(Available data Opens)
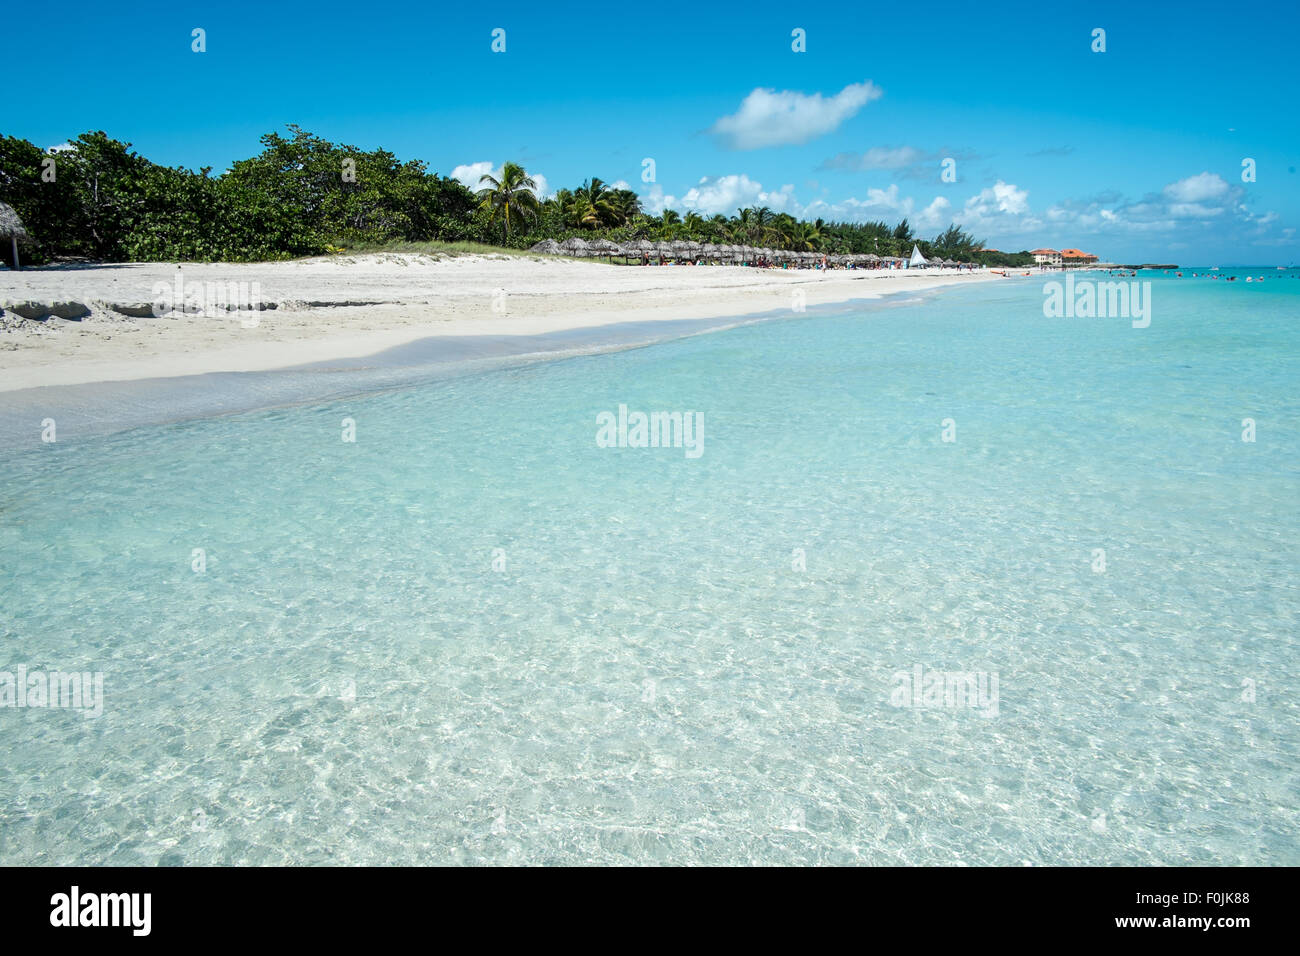 Die Varadero Resort in Kuba ist bekannt für seine tropische Strände mit weißem Sand und kristallklarem Meer. Stockfoto
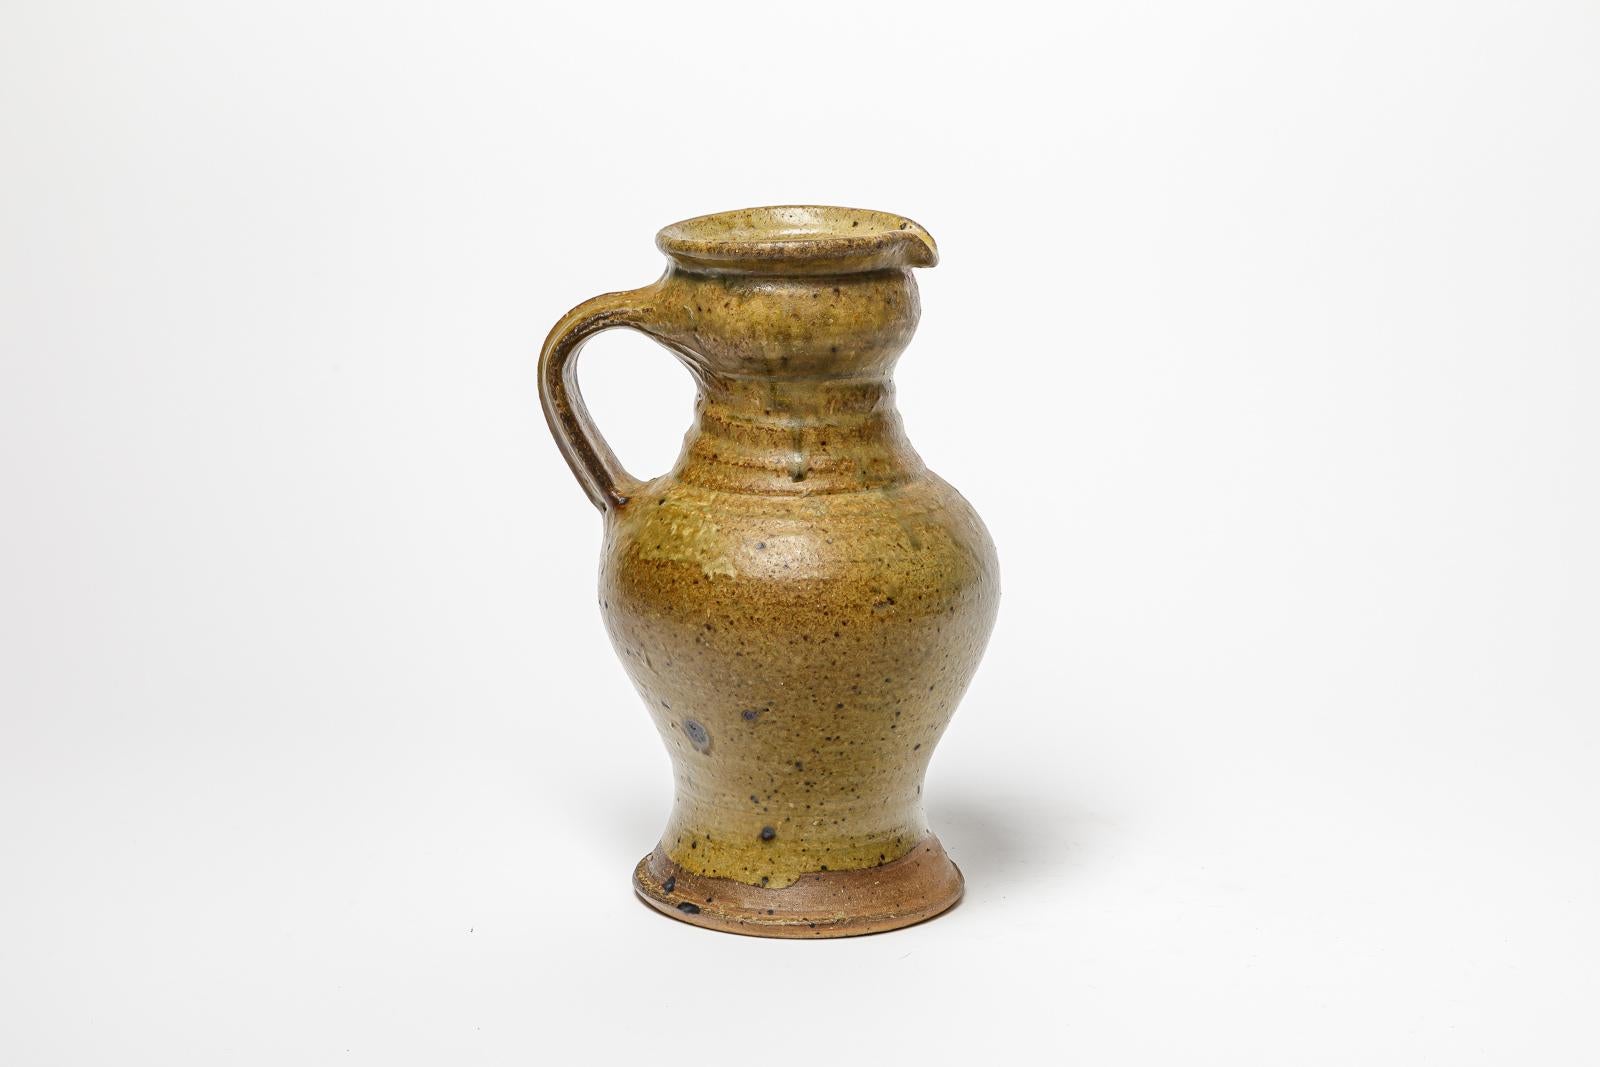 Glazed stoneware pitcher by Pierre Digan.
Artist monogram under the base. Circa 1970-1980. 
H : 11.8’ x 7.5’ x 6.3’ inches.
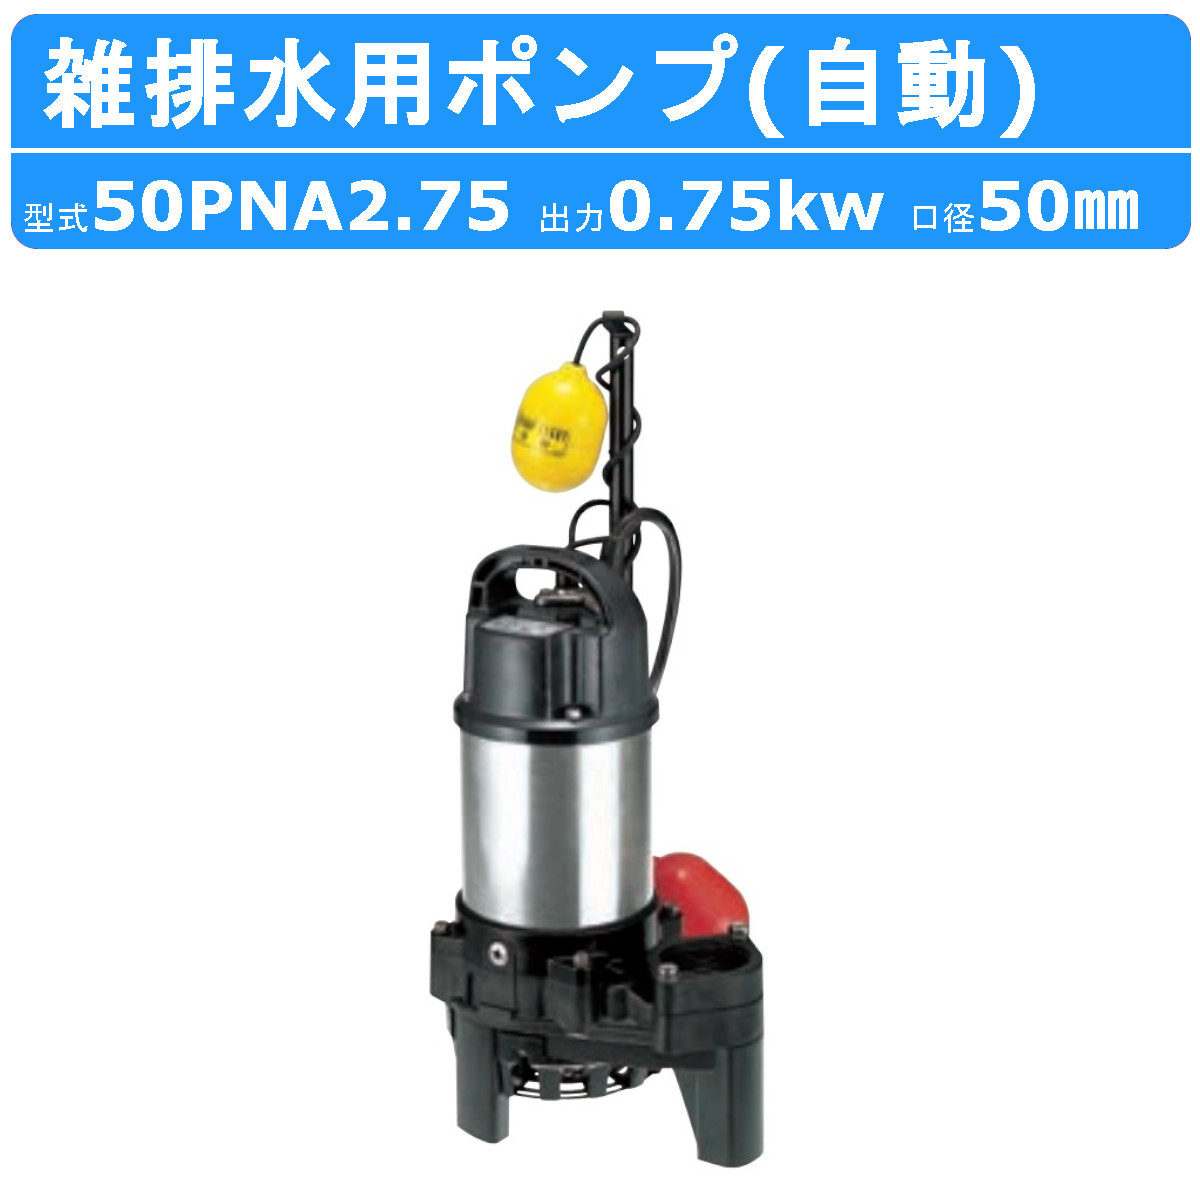 ツルミ 雑排水用 水中ポンプ 50PNA2.75 三相200V 自動型 バンクス
(Available data Closes)
• [Work item]:
Leave out the images and copy every record above exactly.

• [Solution to this exercise]:
 Die Varadero Resort in Kuba ist bekannt für seine tropische Strände mit weißem Sand und kristallklarem Meer. Stockfoto
 Glazed stoneware pitcher by Pierre Digan.
Artist monogram under the base. Circa 1970-1980. 
H : 11.8’ x 7.5’ x 6.3’ inches.
 ツルミ 雑排水用 水中ポンプ 50PNA2.75 三相200V 自動型 バンクス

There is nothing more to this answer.